When we play in a folk or bluegrass way in common time, we usually play an “oom-pah” rhythm by hitting a single bass string on the beat followed with a strum of the chord on the off-beat.


Swing rhythm on guitar is basically an "oom-pah" sound, too.  But we get that beat a different way. The "OOM" is a downstroke over the chord you wish to play.  The "PAH" follows as another downstroke, but this time you release the tension of your left hand just as, or just after you strike the strings. The strings are deadened on the offbeat “PAH,” yielding a more percussive sound.


In other words your right hand just strikes twice per beat – two identical downward strums. But that first strum is full and ringing (left hand pressing tight), and the second strum is dead and percussive (left hand relaxed).


Sometimes you might wish to "OOM" on every downstroke for variety, say during a bridge. In other words, no deadened strings during the offbeat for a sort of “tom-tom” effect.


Occasionally an upstroke between "oom" and "pah" can act as a "kicker" to enliven the rhythm.  In such cases the "pah" may be silent.  It's a nice trick, but don't overdo it.



Substitution chords:


Deciding which chords to substitute for others is a full time preoccupation for jazz players. Here are a few “baby steps” which will get you going with a convincing sound for swing music.  Classic country music (such as in the music of Hank Williams Sr., and Merle Travis) or Western Swing (ala Bob Wills) use these substitutions all the time.  Early jazz from the 20’s and 30’s also make common use of these everyday swing chords.




When your song calls for a major chord, play a sixth instead.  For example, if a G is called for, make it a G6, a C becomes a C6, etc.


What’s a sixth chord?  It’s the major triad (1-3-5) adding one more note, the sixth note of the scale.  So a G major chord (G-B-D) adds the sixth note of a G scale (E) to become G6 (G-B-D-E).


Here are three different positions to make a sixth chord.

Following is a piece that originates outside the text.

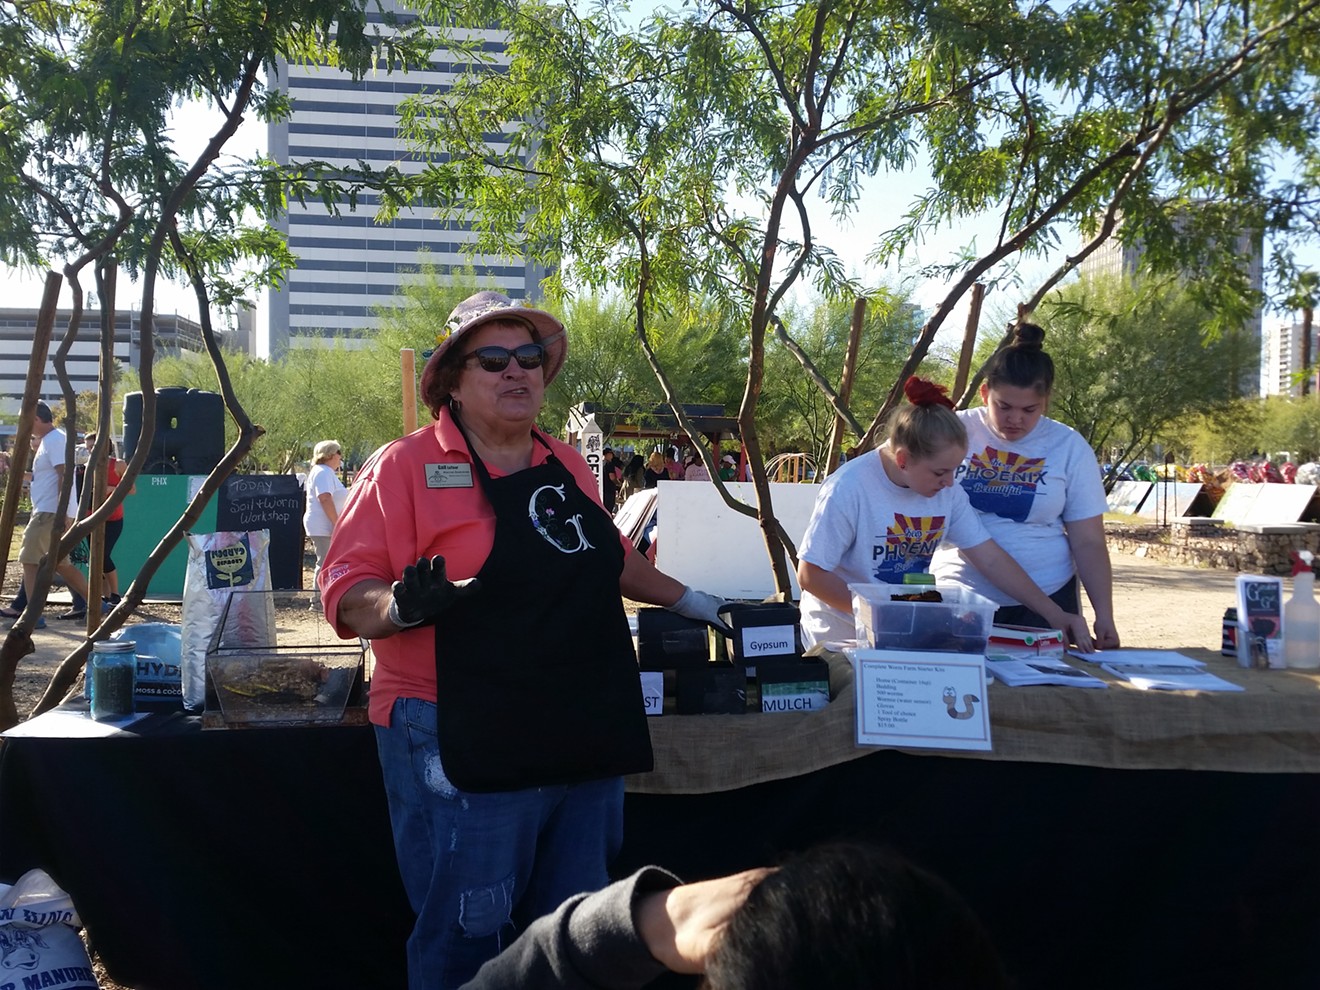 Last October, Keep Phoenix Beautiful launched its series of garden workshops at PHX Renews in midtown Phoenix. Pictured is Gail Latour leading the Wildflower Workshop, one of the classes in that series. Participants learned about soil care and worm farms.

All are moveable. The root note is circled, so that you can easily relocate to play sixth chords all over the neck for all the possible chords:


sixth chords.jpg (49029 bytes)





When your song calls for a seventh chord (a common, or dominant 7th) play a ninth instead. For example, if a D7 is called for, make it a D9, a C7 becomes a C9, etc.


What’s a ninth chord?  Properly, we’re talking about a dominant 9th.  It is a FIVE note chord.  It’s the (dominant) seventh chord adding the ninth note of the scale.  So a D7 chord (D-F#-A-C) adds the ninth note of the D scale (E) to become D9 (D-F#-A-C-E).


Here are two popular ninth positions, both moveable.  The root note is circled, so that you can relocate it to play all over the neck:


ninth chords.jpg (27571 bytes)

(Note: you can wrap your thumb around the sixth string on the first example to barre the fifth and sixth string at the same fret. On the second position, the root is the sixth string open [this is an E9] – if you move it around, leave the sixth string silent, and play the chord without a root.)



Try out these relatively easy chord substitutions with the oom-pah rhythm described above.  Try some simple western swing songs, such as “Take Me Back To Tulsa” or “Stay All Night – Stay A Little Longer” or some old country classics such as “Hey Good Lookin – What Cha Got Cookin” or “Your Cheating Heart.”  Some easy classic jazz standards might include “Jeepers Creepers,” “Lady Be Good” and “It’s A Sin To Tell A Lie.”   Certain fiddle tunes, such as “Sally Goodwin” and many Irish tunes sound good with these chords and rhythm too!

Remember this is only the beginning of what could become an obsession with finding the "right" chord for the sound you want to hear!